Читаем Клопы (сборник) полностью

…Мы в первую же ночь нашли, где Карл, Фридрих и Николай дали маху. Они хотели сменять критику на оружие. Так! Но нельзя было заключать эту сделку с робустами (по выражению Л.Оуэна). Нельзя! Что получилось в итоге? Да, их челюсть огромна, но у них же, у них мускулистая голова! На их голове целый гребень – наросты – для чего? Для крепления сухожилий мышц, иначе бы все отвалилось.

А таких, как Паша Виноградов и матрос Железняк, поубивали тут же и закопали в землю. С чистыми гюйсами.

Впрочем, оставим это. Нас ведь не их убийство описывать позвал зов трубы. Мы описываем историю с Кохом, и как только нас тянет в сторону, мы должны упираться, наступая на горло.

Но тогда еще, год назад, убийства и не было, и нас волновал другой – не та, толстая рохля, а этот, подтянутый, который спал за стеной от меня и через коридор от Терентия. Даже не он сам, хотя жалко: образованный, а на опыте его: не случится ли это и с нами? – всего лишь вот такая сугубая частность.

Но обо всем по порядку.

Мы взяли Фурье, Мора, Оуэна и Уолша.

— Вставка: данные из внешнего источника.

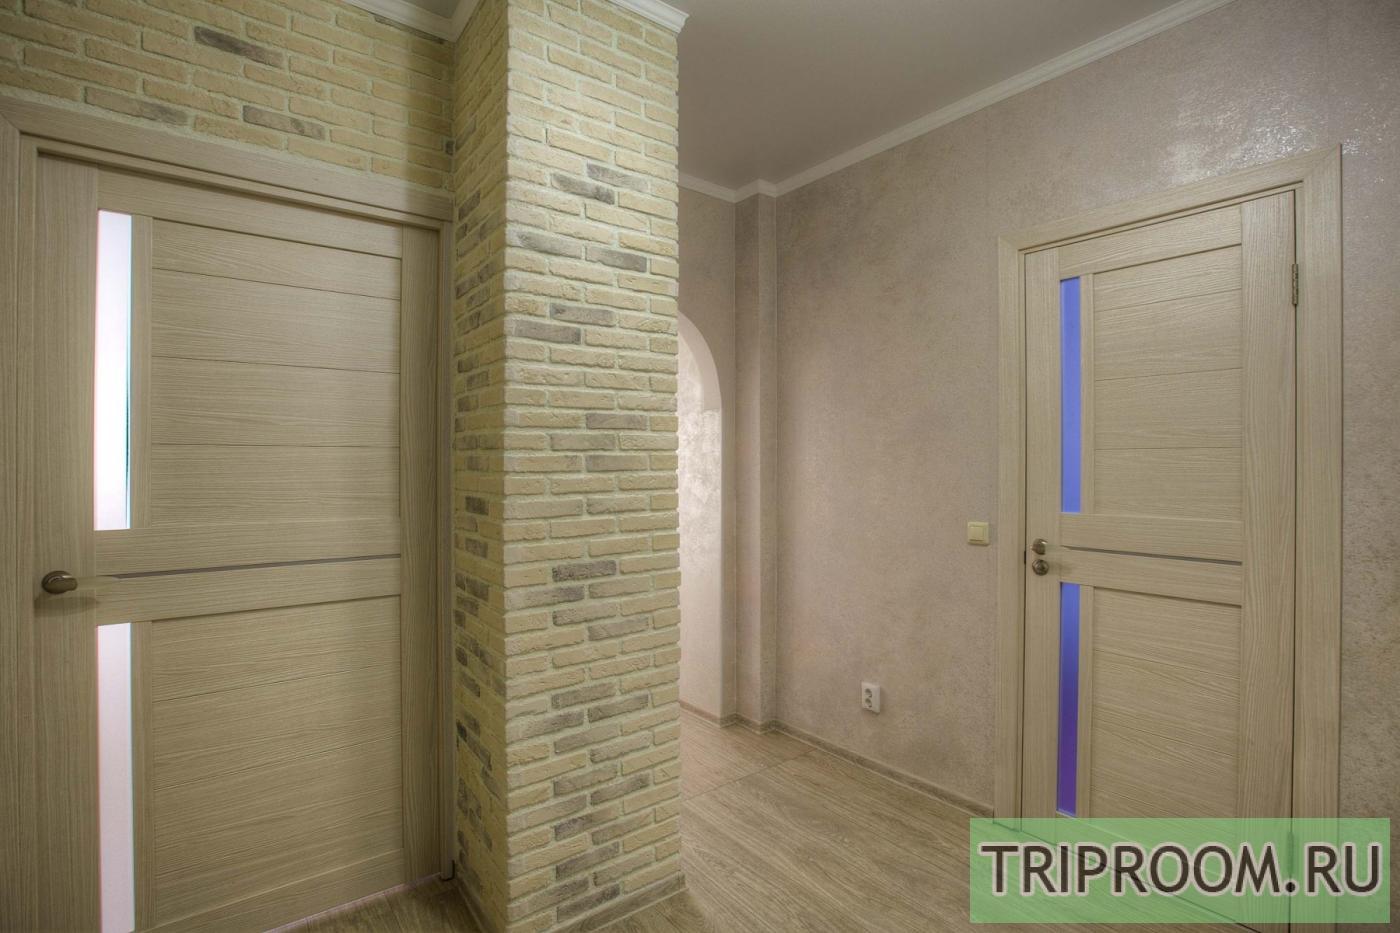 1-комнатная квартира посуточно (вариант № 32786), ул. революции 1905 года, фото № 17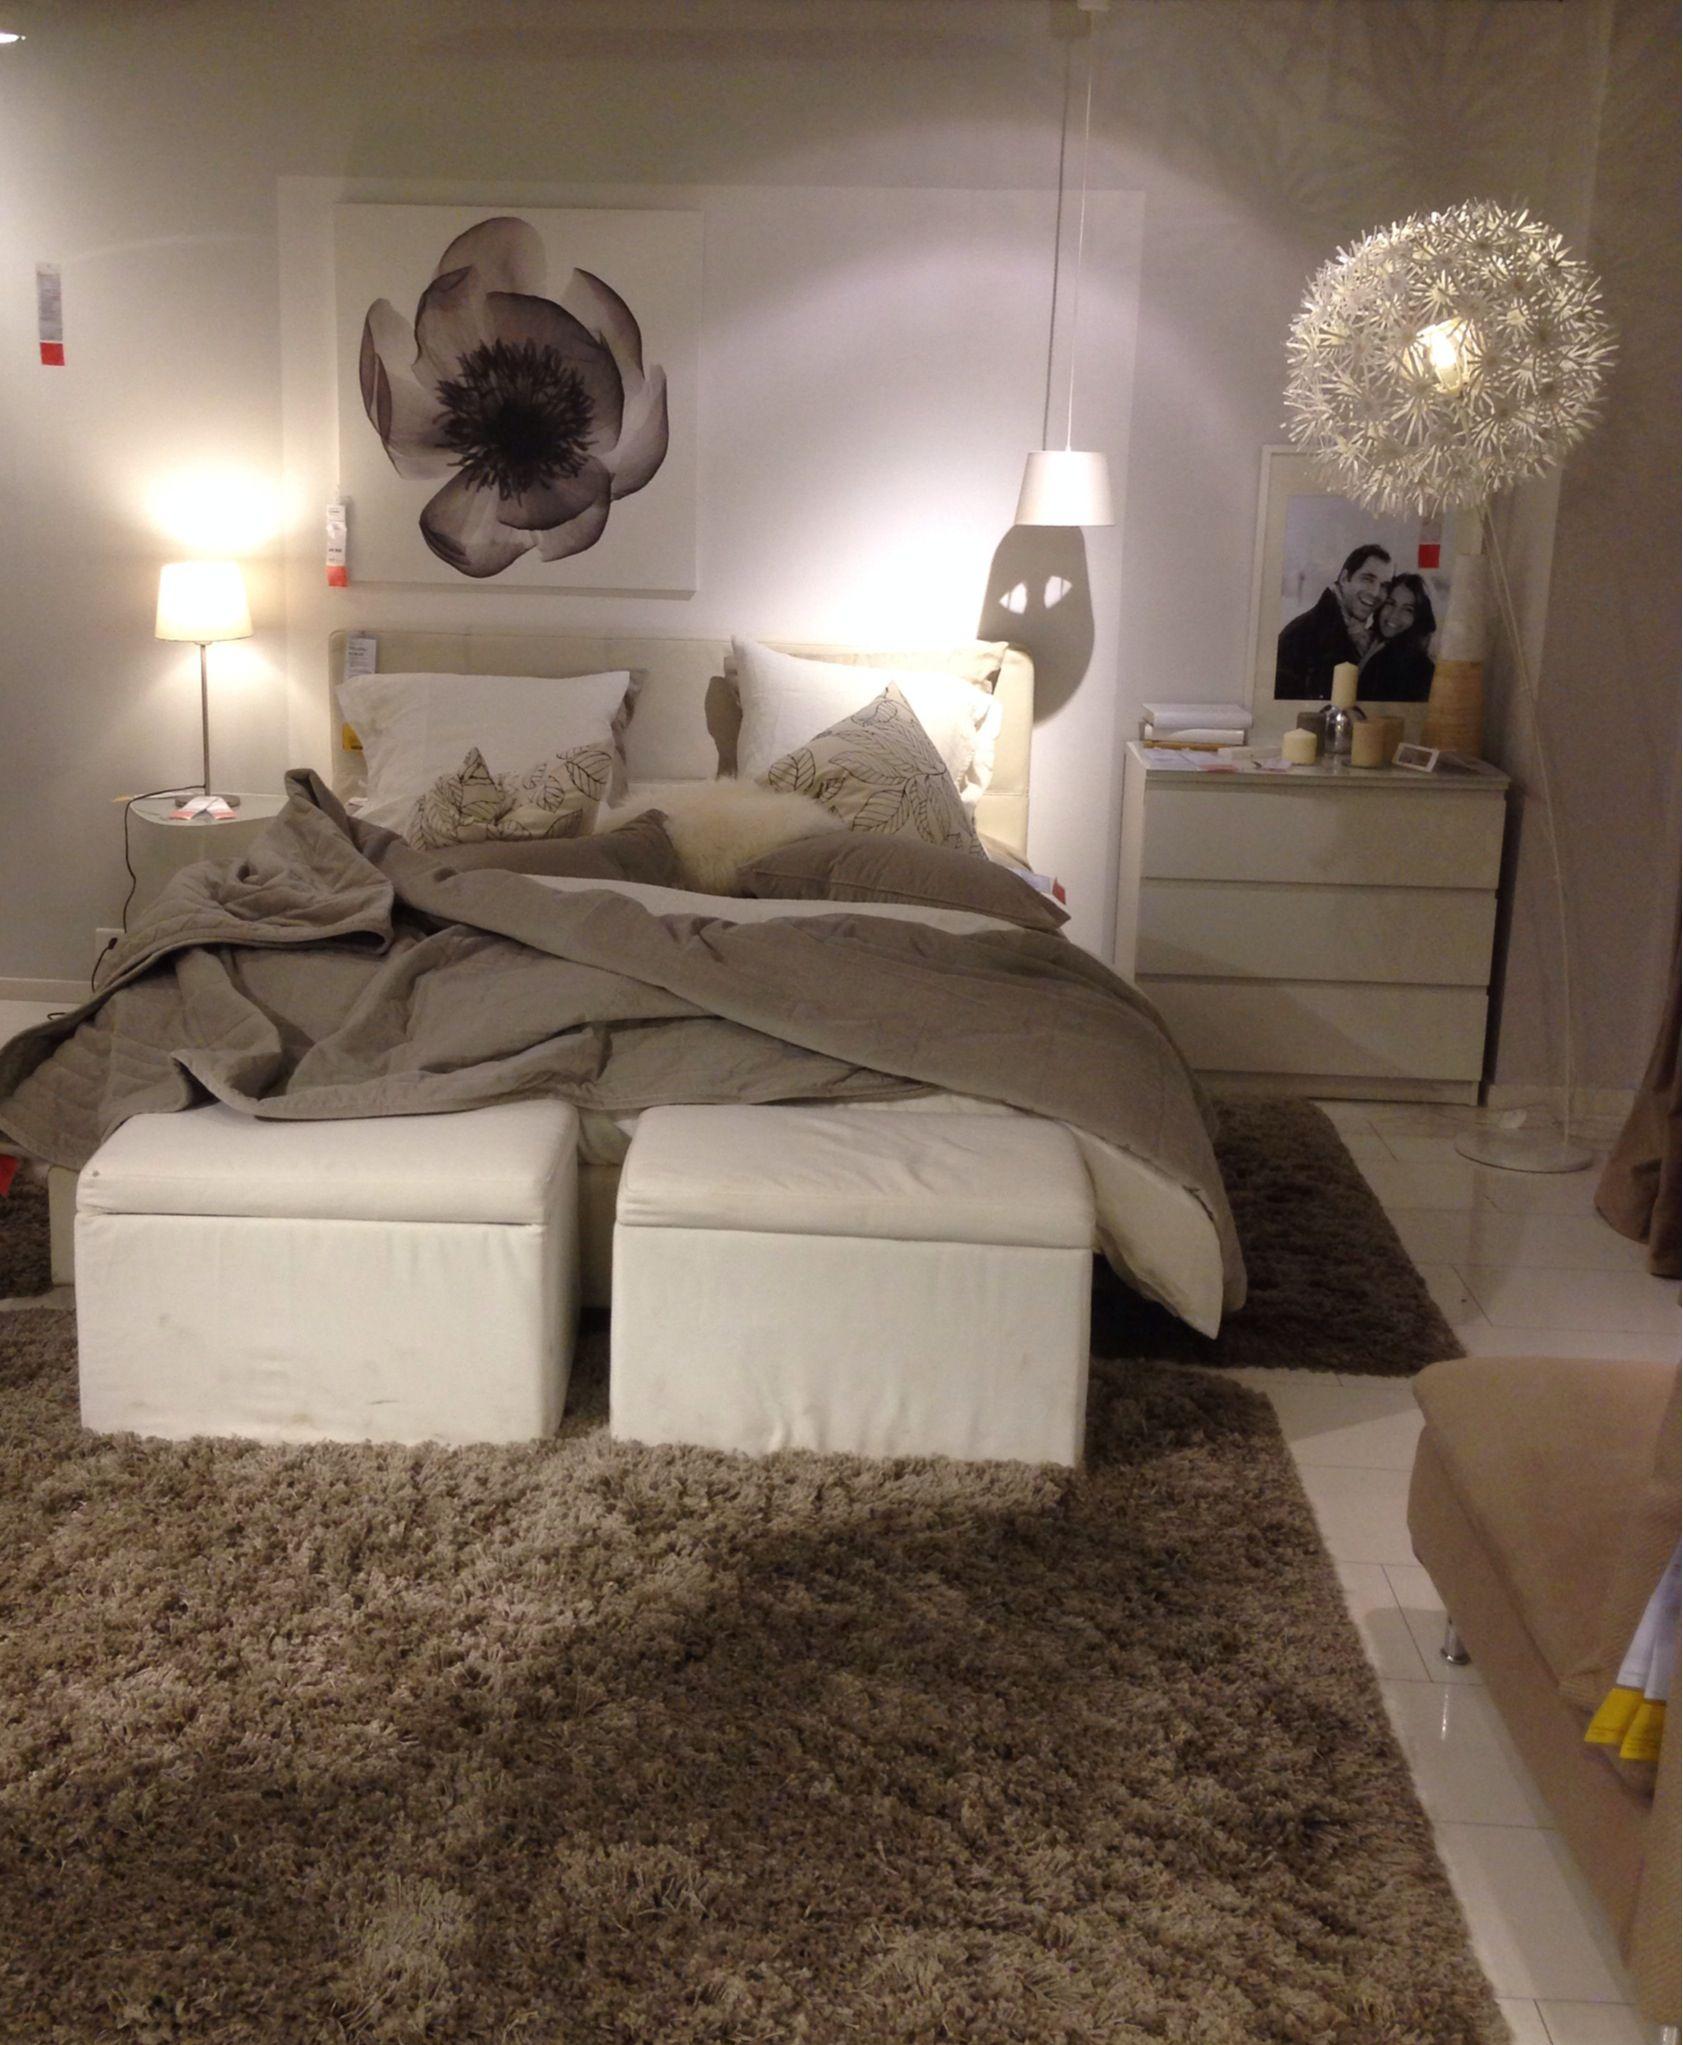 Ikea bedroom 5  White bedroom furniture ikea, White bedroom

Мы рассмотрели всю цепь: с чего начать? – и ухватились именно за Лавджо, ибо он речь ведет о движении. Как оно возникает, и т.п. – нам показалось, что, дернув за это, т.е. поняв побуждения, мы без труда выйдем на открытую дверь – и как Ипат из нее вышел, и оставил открытой, и каким путем пошел дальше, и пр.

И ведь что характерно? Несмотря на все дальнейшие заблуждения, которые мы не снимаем с себя, – да, ужасные, постыдные заблуждения, от которых теперь только схватиться за голову и упасть на коленки, – несмотря на все это, первое наше движение, то есть выбор начал – даже теперь, имея весь опыт событий, и то нельзя утверждать, что он был неверен. Где-то мы были правы, я и сейчас в это верю – хотя бы вот в самом начале, в минуту первых шагов, в секунду разгиба спины, в одном сантиметре зародыша – но где-то он должен был вести себя как должно! Ведь он человек? «Мы не какие-нибудь долгопяты, – говорит Лавджо Оуэн, – мы слезли с дерева». Пусть все остальное – максимализм, но в зародыше – он человек, и притом образованный, черт возьми! В какой-то момент он должен был разогнуться! Ведь это закон: ведь встал же – пусть не понимая, зачем – но поднялся гиббон! Он болтался, как маятник, но встал и сделал шаги – прежде чем разводить руками. Орангутан! Рыжий орангутан пошел, опираясь на две трости, как ветеран партии. Горилла! Что говорить? Волосатая горилла! – но и та приподнялась, как Гегенбауэр, над столом, опираясь на эти фаланги, – и свирепо оглядывалась вокруг. Оуэн доказал: зачем-то им это надо, да просто их унижает тот факт, что они ходят прогнувшись. Он должен был себя разогнуть.

И еще одно. Ждать съезда Советов – идиотизм. «Кризис назрел» – он же убедит хоть кого: ждать никого и ничего нельзя. Ибо никто ничего не даст: это идиотизм.

Ипат поднялся, как всякий примат, – и увидел, что ждать нельзя. Хватит наконец объяснять мир – надо изменить его, черт возьми! Но дальше пошли разногласия.

Я полагал, что движение происходит стихийно.

– Это же образованный человек, – говорил я, – а вокруг одни сплошные потолки да обывательские бельма! В глазах у него потемнело, и он выбежал и схватился за топор. Вот как все было.

– Ну, – возражал Терентий, – разве это Ипат? Это я не знаю, это у тебя получился какой-то Засулич! Ипат же образованный человек. Разве он мог не видеть, что устрашающая роль топора уже не имеет места?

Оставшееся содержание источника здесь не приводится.